In the following, we will plot predictions including random effects for five arbitrary participants (just as illustration), and correlations between random effects for INTEGRATION == "no" and INTEGRATION == "yes", as individual odds ratios. (I am not sure whether the latter is common practice, but it is illustrative.)

ranef.df <- data.frame(ranef(exp_int_agentivity.fc.glmm)$subjects)
ranef.df$participants <- rownames(ranef.df)
colnames(ranef.df)[1:4] <- c("INSTR", "COM_S", "INT_YES_INSTR", "INT_YES_COM_S")

ranef.df <- ranef.df %>%
  mutate(INSTR = INSTR + exp_int_agentivity.fc.glmm@beta[1]) %>%
  mutate(COM_S = COM_S + exp_int_agentivity.fc.glmm@beta[2]) %>%
  mutate(INT_YES_INSTR = INT_YES_INSTR + exp_int_agentivity.fc.glmm@beta[3]) %>%
  mutate(INT_YES_COM_S = INT_YES_COM_S + exp_int_agentivity.fc.glmm@beta[4]) %>%
  arrange(INT_YES_COM_S)

set.seed(42)

ranef.sub.df <- subset(ranef.df, participants %in% sample(ranef.df$participants, 5))

ranef.sub.df <- 
  ranef.sub.df %>% 
  gather(condition, pred, INSTR:INT_YES_COM_S)

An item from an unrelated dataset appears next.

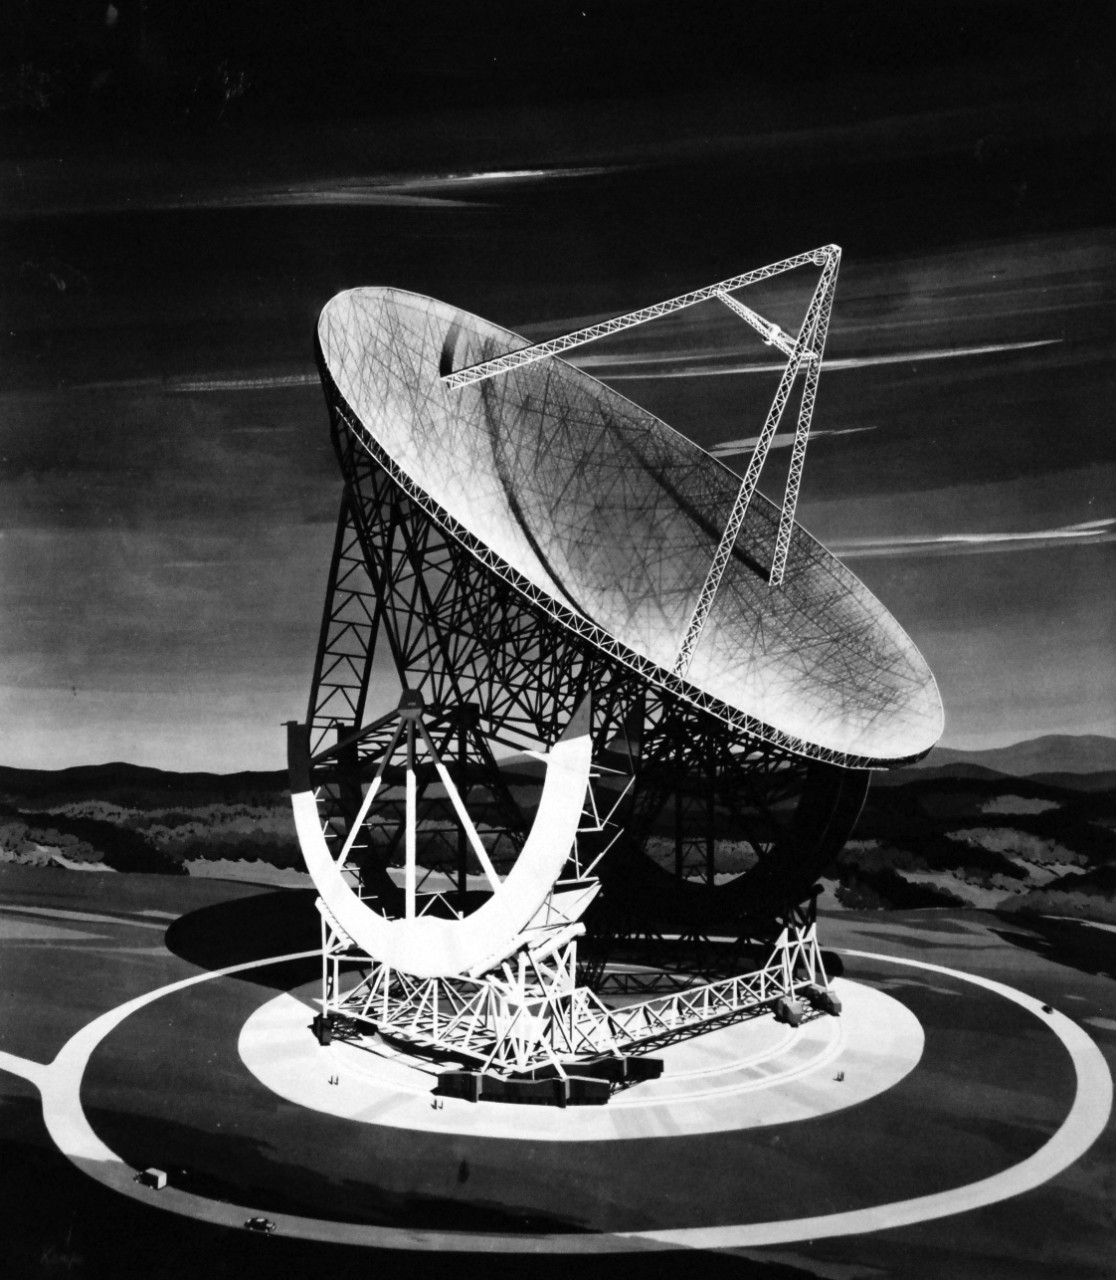 USN 710538:   Gigantic Radio Telescope Being Constructed for the U.S. Navy, 22 September 1959.   The world’s largest radio telescope being constructed for U.S. Navy, near Sugar Grove, West Virginia, after scheduled completion in 1962.  The 20,000 ton facility, to be known official as Naval Radio Research Station, will give the U.S., the world’s most powerful “ear on the universe.”  It will enable Navy scientists to tune in on the radio signals emitted by astral bodies in 19 times the distance probed by the 200-inch optical telescope at Mount Palomar, California, the instruments aluminum mesh reflector dish will have a 600-foot diameter, twice the length of a football field, and an area exceeding seven acres, rotation of the huge arcs supporting the dish complex will elevate the reflector at any angle above the horizon the entire structure will rotate on rollers riding circular tracks on the ground.   Thus, the dish can be aimed at any point in the sky above the horizon.  The telescope will be electronically controlled from a nearby laboratory operations building.  Contracting agency is Bureau of Yards and Docks acting for Naval Research Laboratory whose scientists formulate basic specifications and other criteria after years of intensive research.  This artist’s conception shows the world’s largest radio telescope now being erected by the U.S. Navy on a 1,500 acre size near Sugar Grove, West Virginia.  The $79,000,000 facility is being designed by Grad, Urbahn, and Shelye, New York Architects Engineers.  The telescopes immensity may be gauged by comparison with drawn to scale to people and vehicle in the photograph.  Note, building was halted in 1962 and was never completed.   Official U.S. Navy Photograph, now in the collections of the National Archives.

ranef.sub.df$condition <- 
  factor(ranef.sub.df$condition, levels = c("INSTR", "COM_S", "INT_YES_INSTR", "INT_YES_COM_S"))

ggplot(ranef.sub.df, aes(x = condition)) + 
  geom_line(aes(y = pred, group = participants, color = participants), show.legend = FALSE) +
  scale_x_discrete(labels = c("Instrumental/no int.", "Comitative/no int.", 
                              "Instrumental/Int.", "Comitative/Int.")) +
  labs(x = "Linear predictions for five arbitrary participants", y = "")

The figure shows nicely the spread between participants in the different condition, but also the comparatively uniform behavior w.r.t. the last condition.

ggplot(ranef.df, aes(x = INT_YES_COM_S, y = INT_YES_INSTR)) +
  geom_point(aes(color = participants), show.legend = FALSE) +
  labs(x = "PP > OBJ given COM(S)", 
       y = "PP > OBJ given INSTR", 
       subtitle = "Negative correlation of random slopes for ADVERBIAL_TYPE given INTEGRATION == yes")

ggplot(ranef.df, aes(x = COM_S, y = INSTR)) +
  geom_point(aes(color = participants), show.legend = FALSE) +
  labs(x = "PP > OBJ given COM(S)", 
       y = "PP > OBJ given INSTR", 
       subtitle = "Positive correlation of random slopes for ADVERBIAL_TYPE given INTEGRATION == no")

We notice that not only do the correlations between the random effects for ADVERBIAL_TYPE differ, but also that the by-subject variability for COM(S) given INTEGRATION == "yes" is much smaller.